Records from a collection:
BEGIN

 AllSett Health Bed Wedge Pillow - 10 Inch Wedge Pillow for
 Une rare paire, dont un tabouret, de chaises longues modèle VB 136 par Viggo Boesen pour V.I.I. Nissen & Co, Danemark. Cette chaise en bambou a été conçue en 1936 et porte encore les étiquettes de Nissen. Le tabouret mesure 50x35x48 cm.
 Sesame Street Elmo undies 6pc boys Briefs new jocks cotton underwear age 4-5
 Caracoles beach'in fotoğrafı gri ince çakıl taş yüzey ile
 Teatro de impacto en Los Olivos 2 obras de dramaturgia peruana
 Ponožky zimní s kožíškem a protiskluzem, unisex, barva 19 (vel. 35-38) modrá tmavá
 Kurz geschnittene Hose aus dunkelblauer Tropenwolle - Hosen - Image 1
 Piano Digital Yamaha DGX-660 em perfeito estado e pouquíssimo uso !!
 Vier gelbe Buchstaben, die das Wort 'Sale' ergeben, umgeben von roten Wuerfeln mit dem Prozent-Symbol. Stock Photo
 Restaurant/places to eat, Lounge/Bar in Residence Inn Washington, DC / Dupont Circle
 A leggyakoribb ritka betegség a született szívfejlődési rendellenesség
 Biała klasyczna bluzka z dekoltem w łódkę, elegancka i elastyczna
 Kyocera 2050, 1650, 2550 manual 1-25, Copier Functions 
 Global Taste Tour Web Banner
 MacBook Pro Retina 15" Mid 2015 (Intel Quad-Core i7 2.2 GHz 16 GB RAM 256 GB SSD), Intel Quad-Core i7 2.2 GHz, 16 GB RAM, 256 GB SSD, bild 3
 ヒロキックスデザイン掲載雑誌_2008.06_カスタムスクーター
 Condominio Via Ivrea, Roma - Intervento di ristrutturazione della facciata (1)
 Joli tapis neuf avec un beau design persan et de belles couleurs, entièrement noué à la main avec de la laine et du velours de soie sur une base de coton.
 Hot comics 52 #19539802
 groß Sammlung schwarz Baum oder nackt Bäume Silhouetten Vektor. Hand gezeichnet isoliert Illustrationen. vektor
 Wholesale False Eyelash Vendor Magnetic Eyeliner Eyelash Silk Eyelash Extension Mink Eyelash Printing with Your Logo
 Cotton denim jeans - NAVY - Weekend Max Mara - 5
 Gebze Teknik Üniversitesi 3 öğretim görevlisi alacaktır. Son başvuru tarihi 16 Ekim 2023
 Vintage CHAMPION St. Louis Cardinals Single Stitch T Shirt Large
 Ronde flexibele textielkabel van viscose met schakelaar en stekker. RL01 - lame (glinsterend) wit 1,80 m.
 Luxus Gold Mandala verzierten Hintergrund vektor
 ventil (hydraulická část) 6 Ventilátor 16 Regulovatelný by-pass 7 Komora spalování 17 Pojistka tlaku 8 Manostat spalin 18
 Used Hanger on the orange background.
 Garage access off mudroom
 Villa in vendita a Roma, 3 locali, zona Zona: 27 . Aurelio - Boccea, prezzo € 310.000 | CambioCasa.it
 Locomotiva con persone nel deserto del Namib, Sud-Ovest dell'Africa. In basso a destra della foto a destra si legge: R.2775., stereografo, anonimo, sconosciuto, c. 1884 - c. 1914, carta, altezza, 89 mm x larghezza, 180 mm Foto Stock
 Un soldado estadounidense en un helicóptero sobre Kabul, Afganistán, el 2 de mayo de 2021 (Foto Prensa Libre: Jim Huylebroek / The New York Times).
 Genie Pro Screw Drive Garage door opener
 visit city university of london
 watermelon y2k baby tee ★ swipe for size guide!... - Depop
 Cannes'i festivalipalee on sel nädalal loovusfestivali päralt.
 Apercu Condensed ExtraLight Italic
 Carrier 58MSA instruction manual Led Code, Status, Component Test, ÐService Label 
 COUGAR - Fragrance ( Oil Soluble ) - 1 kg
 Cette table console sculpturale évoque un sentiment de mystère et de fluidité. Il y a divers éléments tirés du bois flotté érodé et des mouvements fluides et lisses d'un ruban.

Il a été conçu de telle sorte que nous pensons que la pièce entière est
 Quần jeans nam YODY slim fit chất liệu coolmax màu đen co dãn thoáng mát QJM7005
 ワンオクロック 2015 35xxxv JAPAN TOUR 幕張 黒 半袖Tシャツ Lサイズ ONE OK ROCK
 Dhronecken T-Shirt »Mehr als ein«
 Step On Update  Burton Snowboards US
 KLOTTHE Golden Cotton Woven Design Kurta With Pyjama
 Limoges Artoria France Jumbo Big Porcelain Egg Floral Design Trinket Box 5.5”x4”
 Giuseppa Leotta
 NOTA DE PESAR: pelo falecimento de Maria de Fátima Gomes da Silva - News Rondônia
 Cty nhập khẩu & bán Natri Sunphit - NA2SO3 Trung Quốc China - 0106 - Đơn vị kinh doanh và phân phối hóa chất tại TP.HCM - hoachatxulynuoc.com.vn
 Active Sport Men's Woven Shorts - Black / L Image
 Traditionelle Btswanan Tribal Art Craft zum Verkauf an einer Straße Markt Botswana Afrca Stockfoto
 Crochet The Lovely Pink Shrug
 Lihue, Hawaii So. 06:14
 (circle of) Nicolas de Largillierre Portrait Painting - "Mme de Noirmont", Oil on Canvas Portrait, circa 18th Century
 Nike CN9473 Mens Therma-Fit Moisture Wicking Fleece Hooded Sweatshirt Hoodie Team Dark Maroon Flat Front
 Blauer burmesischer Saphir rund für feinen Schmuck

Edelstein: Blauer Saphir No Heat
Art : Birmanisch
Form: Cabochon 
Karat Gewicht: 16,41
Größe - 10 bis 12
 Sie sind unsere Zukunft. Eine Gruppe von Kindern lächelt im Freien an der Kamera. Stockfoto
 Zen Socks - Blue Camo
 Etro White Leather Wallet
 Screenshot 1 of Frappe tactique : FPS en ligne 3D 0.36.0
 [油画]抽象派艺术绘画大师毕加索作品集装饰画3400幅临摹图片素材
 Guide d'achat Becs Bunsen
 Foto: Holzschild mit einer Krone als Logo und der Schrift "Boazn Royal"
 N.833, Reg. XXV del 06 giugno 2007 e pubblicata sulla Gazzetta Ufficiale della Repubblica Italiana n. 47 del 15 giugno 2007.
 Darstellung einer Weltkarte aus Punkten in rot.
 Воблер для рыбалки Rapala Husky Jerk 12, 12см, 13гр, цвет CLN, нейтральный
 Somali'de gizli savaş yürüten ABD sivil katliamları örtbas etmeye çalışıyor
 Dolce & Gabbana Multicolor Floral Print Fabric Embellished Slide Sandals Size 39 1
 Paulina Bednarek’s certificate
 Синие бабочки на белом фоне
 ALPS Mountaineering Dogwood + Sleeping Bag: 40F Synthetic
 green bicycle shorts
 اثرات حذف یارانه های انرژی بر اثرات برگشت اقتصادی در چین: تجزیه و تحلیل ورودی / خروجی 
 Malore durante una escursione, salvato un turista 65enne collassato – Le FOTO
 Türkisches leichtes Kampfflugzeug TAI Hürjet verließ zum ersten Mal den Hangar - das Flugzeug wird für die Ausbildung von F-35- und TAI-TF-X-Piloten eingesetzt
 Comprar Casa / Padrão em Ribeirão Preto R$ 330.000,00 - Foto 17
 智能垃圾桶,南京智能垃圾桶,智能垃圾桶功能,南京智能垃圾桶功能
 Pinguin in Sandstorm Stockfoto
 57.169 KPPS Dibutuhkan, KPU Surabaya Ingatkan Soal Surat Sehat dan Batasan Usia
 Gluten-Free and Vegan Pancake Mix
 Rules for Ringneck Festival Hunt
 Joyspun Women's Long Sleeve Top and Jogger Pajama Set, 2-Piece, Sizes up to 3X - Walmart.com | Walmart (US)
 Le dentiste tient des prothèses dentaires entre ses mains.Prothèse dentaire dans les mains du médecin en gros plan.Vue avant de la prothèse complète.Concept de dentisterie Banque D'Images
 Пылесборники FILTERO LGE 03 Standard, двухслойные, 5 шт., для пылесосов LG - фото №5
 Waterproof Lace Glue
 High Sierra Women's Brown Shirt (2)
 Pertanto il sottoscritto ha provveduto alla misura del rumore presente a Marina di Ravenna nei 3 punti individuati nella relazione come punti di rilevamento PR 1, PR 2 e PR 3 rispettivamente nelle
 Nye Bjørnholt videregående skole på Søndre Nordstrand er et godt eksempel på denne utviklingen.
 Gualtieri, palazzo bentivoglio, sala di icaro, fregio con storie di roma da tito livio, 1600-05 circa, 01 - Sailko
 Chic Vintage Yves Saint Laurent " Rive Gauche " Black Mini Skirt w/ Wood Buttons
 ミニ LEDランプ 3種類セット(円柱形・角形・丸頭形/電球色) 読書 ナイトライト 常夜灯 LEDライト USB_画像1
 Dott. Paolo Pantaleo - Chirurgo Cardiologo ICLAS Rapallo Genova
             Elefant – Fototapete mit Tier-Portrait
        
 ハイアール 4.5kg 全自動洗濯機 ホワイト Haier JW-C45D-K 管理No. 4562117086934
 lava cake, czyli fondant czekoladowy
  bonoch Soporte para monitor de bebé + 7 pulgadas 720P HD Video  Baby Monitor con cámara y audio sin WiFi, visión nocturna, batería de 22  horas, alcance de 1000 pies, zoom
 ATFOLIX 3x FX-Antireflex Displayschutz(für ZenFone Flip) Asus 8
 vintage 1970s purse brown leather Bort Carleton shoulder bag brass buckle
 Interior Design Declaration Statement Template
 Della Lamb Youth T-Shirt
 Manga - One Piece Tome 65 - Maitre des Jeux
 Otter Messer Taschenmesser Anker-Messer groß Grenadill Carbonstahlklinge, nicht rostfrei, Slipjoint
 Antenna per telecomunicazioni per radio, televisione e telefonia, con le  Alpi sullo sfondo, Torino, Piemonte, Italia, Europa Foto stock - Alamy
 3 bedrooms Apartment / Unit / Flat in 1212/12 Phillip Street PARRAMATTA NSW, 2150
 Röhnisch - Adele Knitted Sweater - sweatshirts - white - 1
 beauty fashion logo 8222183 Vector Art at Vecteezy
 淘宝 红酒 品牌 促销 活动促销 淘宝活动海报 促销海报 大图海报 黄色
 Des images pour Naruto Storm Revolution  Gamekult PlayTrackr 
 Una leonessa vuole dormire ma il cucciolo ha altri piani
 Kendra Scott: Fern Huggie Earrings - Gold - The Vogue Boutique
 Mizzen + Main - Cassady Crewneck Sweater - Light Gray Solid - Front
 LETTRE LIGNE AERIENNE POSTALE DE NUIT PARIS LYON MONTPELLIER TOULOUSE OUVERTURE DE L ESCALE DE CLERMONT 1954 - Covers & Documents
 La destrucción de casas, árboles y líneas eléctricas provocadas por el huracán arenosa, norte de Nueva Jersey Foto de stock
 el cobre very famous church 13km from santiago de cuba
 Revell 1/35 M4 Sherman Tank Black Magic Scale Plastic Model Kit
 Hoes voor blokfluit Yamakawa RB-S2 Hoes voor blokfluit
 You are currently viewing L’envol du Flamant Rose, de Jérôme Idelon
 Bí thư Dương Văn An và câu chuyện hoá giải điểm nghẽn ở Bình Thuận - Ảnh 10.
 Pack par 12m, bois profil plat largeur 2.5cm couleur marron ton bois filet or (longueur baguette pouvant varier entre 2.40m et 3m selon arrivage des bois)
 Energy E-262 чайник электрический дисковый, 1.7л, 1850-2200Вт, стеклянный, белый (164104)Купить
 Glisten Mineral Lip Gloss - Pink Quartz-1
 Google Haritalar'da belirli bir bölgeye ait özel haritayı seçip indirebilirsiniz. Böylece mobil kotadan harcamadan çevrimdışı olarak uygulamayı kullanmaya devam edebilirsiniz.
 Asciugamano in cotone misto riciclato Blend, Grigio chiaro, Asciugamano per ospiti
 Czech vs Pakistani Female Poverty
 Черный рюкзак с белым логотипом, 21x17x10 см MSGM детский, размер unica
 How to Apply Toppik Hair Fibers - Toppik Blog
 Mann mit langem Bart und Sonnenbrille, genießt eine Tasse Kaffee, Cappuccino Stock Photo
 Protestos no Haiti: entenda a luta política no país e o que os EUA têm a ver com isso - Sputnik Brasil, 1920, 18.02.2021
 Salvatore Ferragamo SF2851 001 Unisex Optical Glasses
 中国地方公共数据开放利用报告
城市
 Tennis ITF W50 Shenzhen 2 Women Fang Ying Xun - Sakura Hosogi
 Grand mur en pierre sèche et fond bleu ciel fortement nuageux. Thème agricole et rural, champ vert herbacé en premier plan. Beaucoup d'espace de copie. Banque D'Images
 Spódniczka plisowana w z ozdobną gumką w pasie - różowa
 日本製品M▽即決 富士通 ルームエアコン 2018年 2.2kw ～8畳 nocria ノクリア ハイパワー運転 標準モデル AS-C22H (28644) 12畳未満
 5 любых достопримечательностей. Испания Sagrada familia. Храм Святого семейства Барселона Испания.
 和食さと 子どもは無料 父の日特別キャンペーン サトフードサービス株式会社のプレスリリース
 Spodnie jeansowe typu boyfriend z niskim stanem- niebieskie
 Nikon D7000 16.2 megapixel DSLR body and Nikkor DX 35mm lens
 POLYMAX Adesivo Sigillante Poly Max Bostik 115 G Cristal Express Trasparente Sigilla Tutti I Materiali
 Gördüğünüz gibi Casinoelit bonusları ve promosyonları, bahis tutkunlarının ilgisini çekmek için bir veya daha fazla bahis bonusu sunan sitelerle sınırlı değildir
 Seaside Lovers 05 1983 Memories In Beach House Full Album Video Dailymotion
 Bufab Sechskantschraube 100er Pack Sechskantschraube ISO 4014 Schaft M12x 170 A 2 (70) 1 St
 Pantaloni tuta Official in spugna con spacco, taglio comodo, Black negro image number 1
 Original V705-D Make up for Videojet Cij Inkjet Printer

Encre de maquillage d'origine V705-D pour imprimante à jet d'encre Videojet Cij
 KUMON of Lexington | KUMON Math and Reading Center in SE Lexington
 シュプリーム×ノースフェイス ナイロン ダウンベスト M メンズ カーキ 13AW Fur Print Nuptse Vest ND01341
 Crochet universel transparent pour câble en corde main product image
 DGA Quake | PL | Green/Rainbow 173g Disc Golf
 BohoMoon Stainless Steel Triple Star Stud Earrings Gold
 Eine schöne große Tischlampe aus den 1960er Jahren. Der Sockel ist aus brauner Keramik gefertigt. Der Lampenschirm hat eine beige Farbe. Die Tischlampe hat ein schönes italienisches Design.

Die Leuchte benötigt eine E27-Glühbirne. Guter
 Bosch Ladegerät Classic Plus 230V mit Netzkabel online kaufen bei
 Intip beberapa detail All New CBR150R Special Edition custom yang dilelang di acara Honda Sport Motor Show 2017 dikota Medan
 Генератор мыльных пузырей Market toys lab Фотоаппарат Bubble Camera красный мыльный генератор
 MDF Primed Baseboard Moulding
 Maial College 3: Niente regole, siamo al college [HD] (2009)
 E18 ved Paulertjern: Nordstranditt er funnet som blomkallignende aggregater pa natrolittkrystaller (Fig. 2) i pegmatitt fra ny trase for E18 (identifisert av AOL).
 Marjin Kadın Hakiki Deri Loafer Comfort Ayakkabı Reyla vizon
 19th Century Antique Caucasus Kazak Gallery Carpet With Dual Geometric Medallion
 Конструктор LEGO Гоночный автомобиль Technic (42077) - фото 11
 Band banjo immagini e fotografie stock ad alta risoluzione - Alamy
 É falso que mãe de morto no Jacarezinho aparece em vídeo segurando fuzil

END

WHAT IS EXPECTED – Total lines with "chất" in the records above: report that figure alone.

WORKED SOLUTION – 2